I used to daydream about having a web proxy that could store every page I visited (instead of having to manually save interesting pages... something I do a lot). But I never had the storage space for that, and the bloat in web pages has grown faster than the size of disk I can afford. Since I started using Offpunk for Gemini some time ago I at least get a complete saved record of all the Gemini pages I read. 65 MB in one year. Far more realistic to maintain than with web pages.
> But I never had the storage space for that, and the bloat in web pages has grown faster than the size of disk I can afford.
Is this really true for you? Seems surprising to me given how cheap large HDD storage is now. I have trouble believing even bloated web pages are that large relatively speaking. I guess I should try to do it and find out, probably I’m wrong and it’s much more data than I’m expecting.
Gemini seems really neat, I should have investigated earlier.
ssh kiosk@gemini.circumlunar.space
Let’s one get a sense of what it is about. 1 bookmarks found me some spaces.
Two years of using nearly exclusively offpunk without ever trimming the cache:
2.5G gemini
1.3G gopher
1.5G http
23G https
With the exception of dynamic webpages, every single page I’ve read in those two years is there. With pictures. And with every single page linked by those webpages. And all the pages linked on HN.
That’s very awesome and by itself a compelling argument for one to consider adopting offpunk.

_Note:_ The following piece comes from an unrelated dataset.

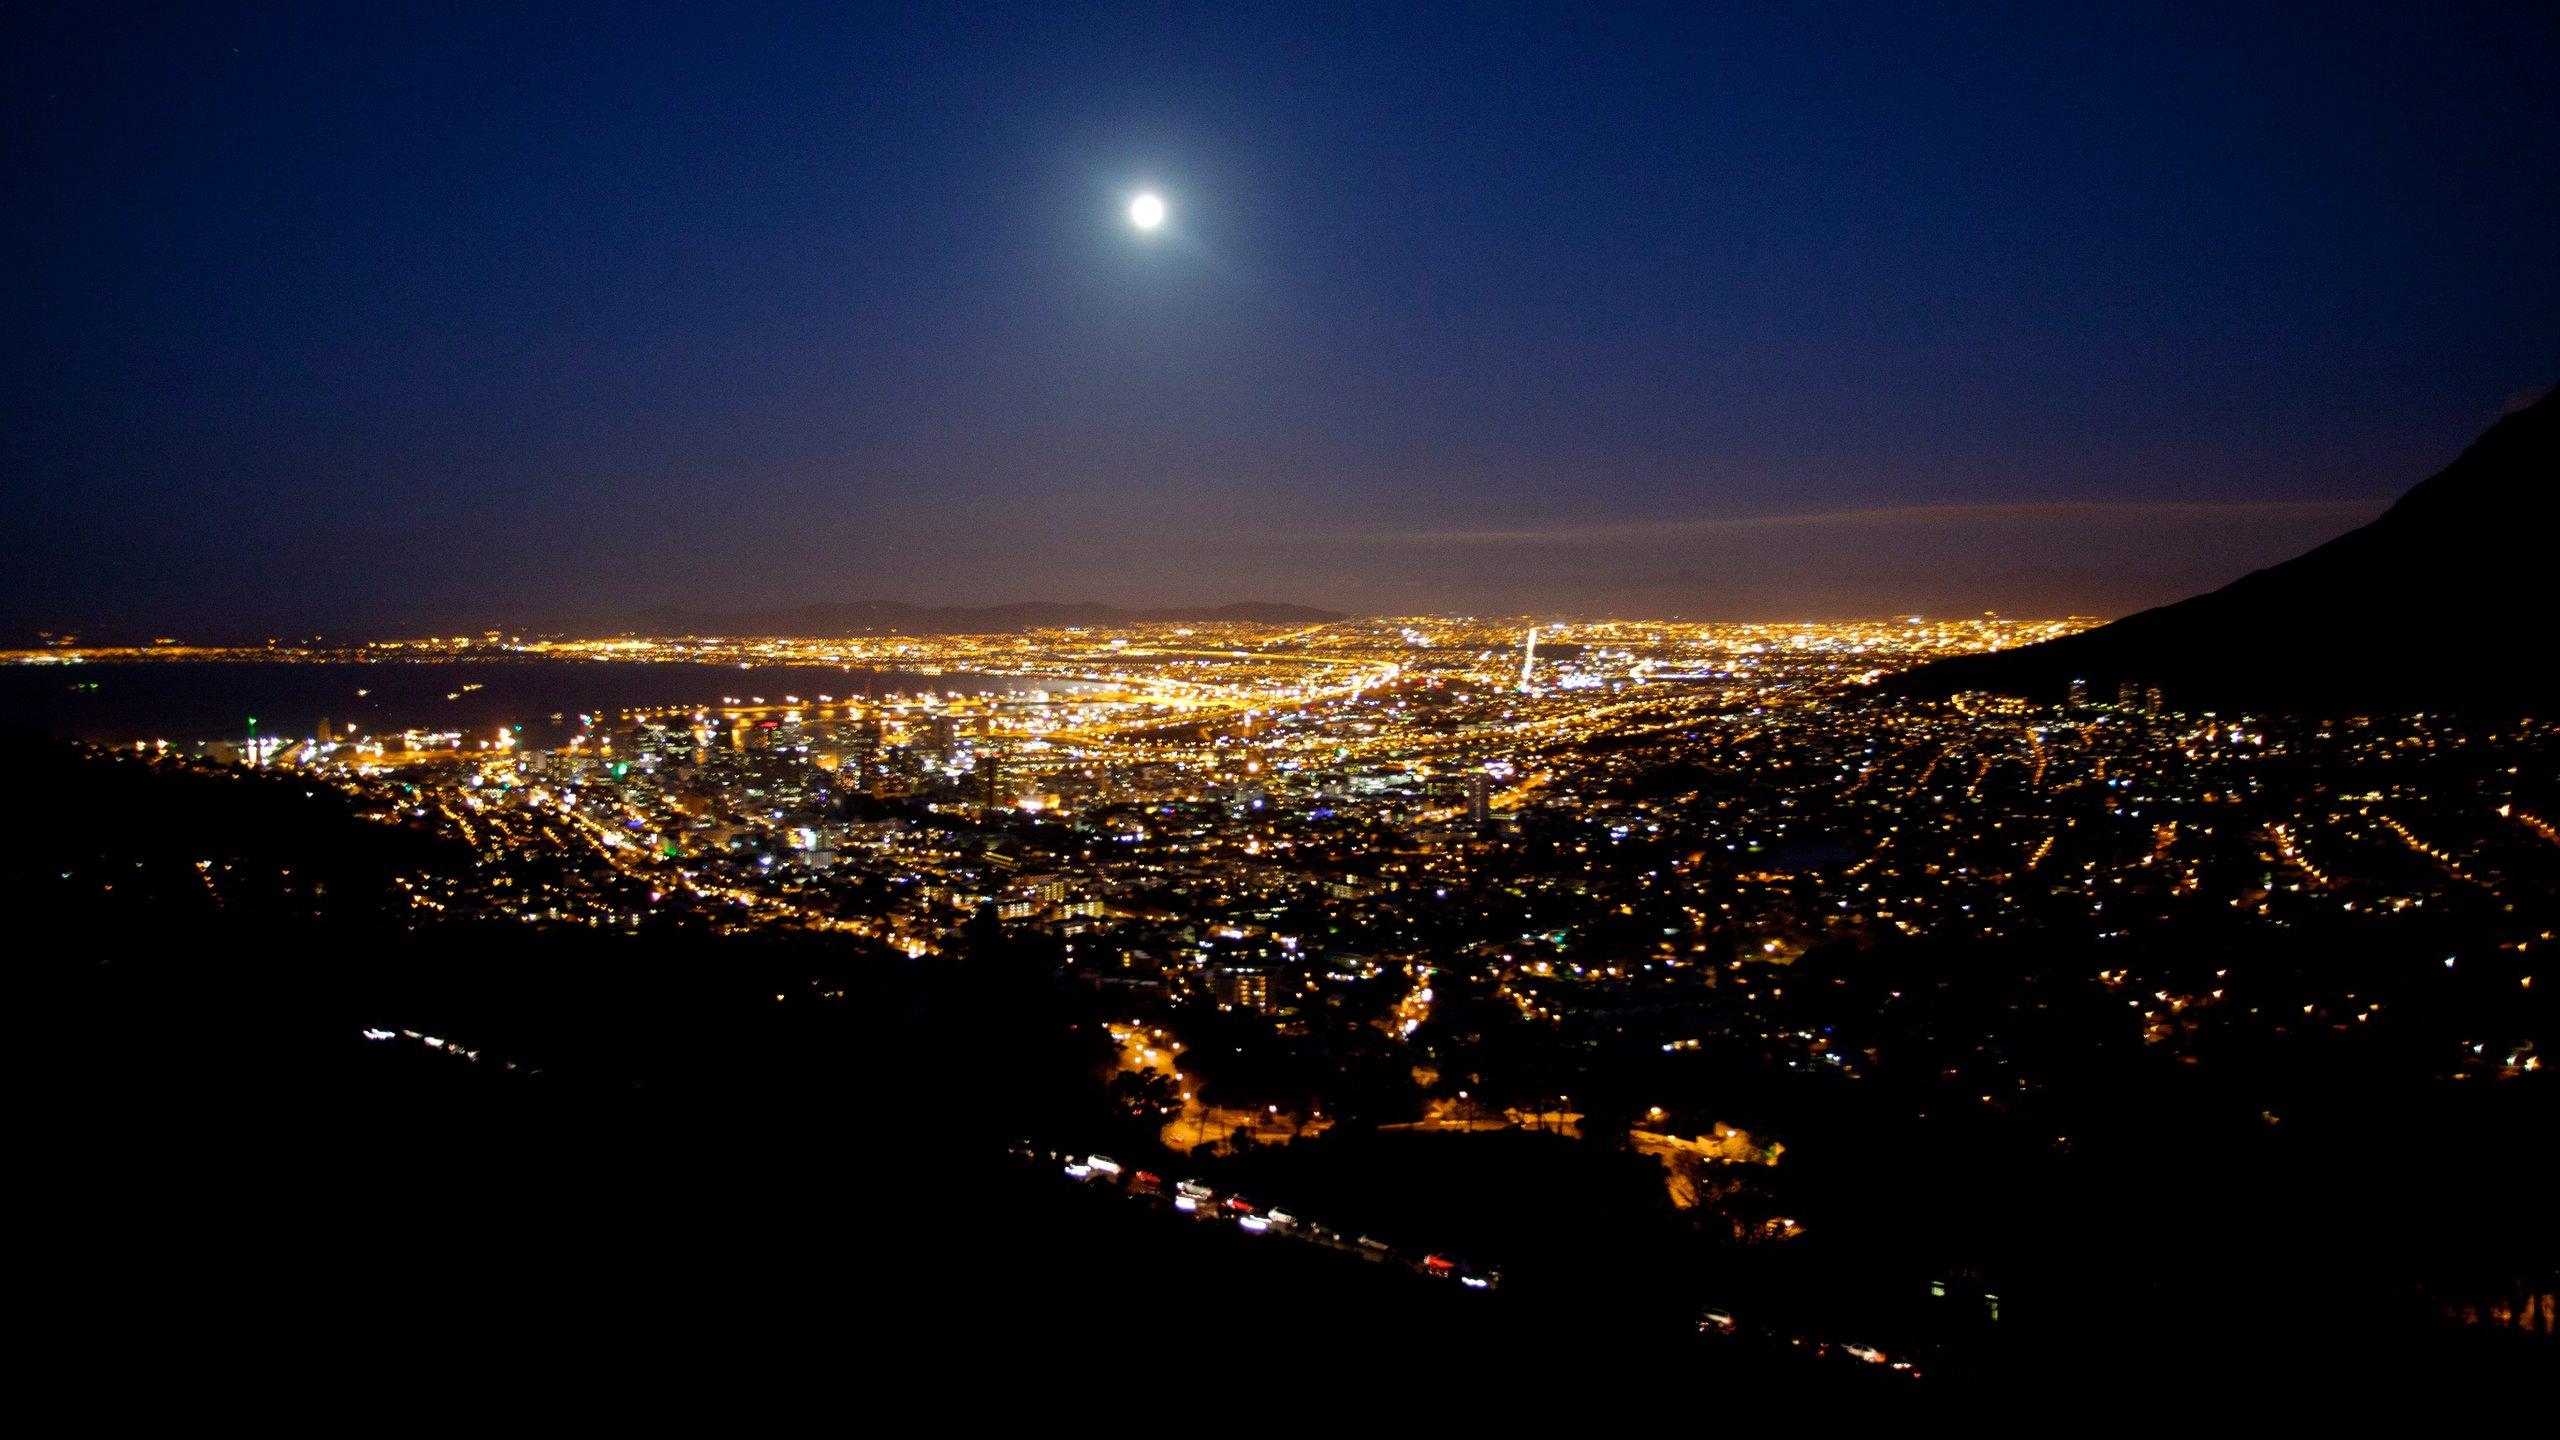 Küstenvorland, Kapstadt, Westkap (Provinz), Südafrika

I’d imagine putting the archive in git repo with annex/lfs and along with builtin time-stamping it means an activity archive also. Lot’s of interesting use cases if combined with LLMs and RAG for example.
“A few weeks ago I was researching technology XYZ and there was an open source python package that looked neat, but I can’t remember what it was. Could you use my browsing cache and prepare a report on what I was reading about and summarize it please?”